Brazil has introduced a new housing credit framework aimed at expanding lending in the real estate sector. By loosening rules on the use of savings account deposits, 36.9 billion reais (USD 6.72 billion) is now available for immediate housing loans. The phased transition allows banks more flexibility while central bank estimates suggest 111 billion reais in new loans could be issued in the first year. Banks must still allocate a portion of savings deposits to housing loans, and most loans will remain under the capped-rate Housing Finance System, ensuring controlled interest rates.

Brazil has rolled out a new housing credit framework aimed at boosting lending in the real estate sector. The government's plan eases restrictions on how banks can use funds from savings accounts, immediately releasing 36.9 billion reais (USD 6.72 billion) for housing loans. The reforms address the long-standing reliance on savings accounts as the primary source of housing credit, a system that has lost appeal among savers because returns are lower than other fixed-income options available through investment platforms.

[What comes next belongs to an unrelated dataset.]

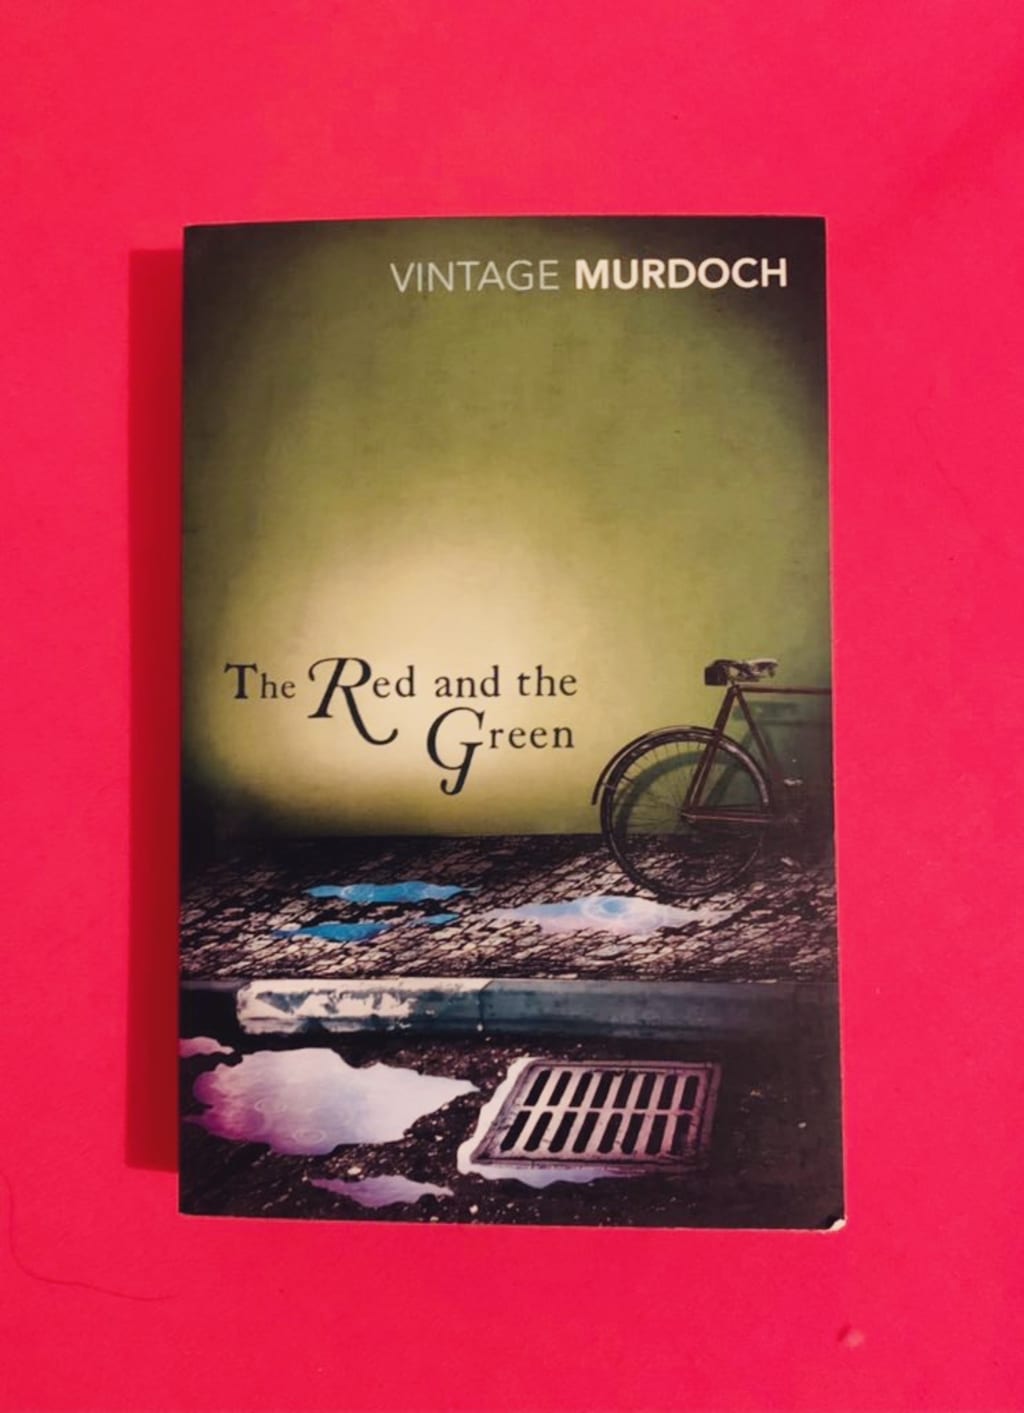 kold dræbe lejlighed Book Review: "The Red and the Green" by Iris Murdoch | Geeks

Under the framework introduced by President Luiz Inacio Lula da Silva's administration, banks will no longer be required to meet certain central bank reserve requirements or designate specific uses for savings account funds. This transition will be phased, allowing financial institutions to gradually adjust while expanding lending capacity. The central bank estimates that in the first year alone, the changes could unlock 111 billion reais in new loans, which is 52.4 billion reais more than the previous system. Of this, 36.9 billion reais will be available immediately for lending.

Until the end of next year, banks are still expected to allocate 65% of savings deposits to housing loans, while 15% may be used freely. The portion held as compulsory central bank deposits will drop from 20% to 15%, providing more room for additional lending. From 2027 onwards, banks that obtain market funding fully dedicated to housing loans will be allowed to use an equivalent amount from savings accounts for flexible lending over a set period.

The government expects these changes to improve banks' profitability and allow them to offer lower interest rates on loans funded through other sources. Under the new rules, 80% of housing loans must remain under the Housing Finance System, which caps interest rates at 12% annually.

The reform comes as Brazil prepares for the 2026 general election and is seen as a way to stimulate borrowing while the central bank maintains higher interest rates to control inflation. It also addresses trends in Brazilian savings behavior, where increasing financial literacy and the availability of better investment options have reduced deposits in traditional savings accounts over the years.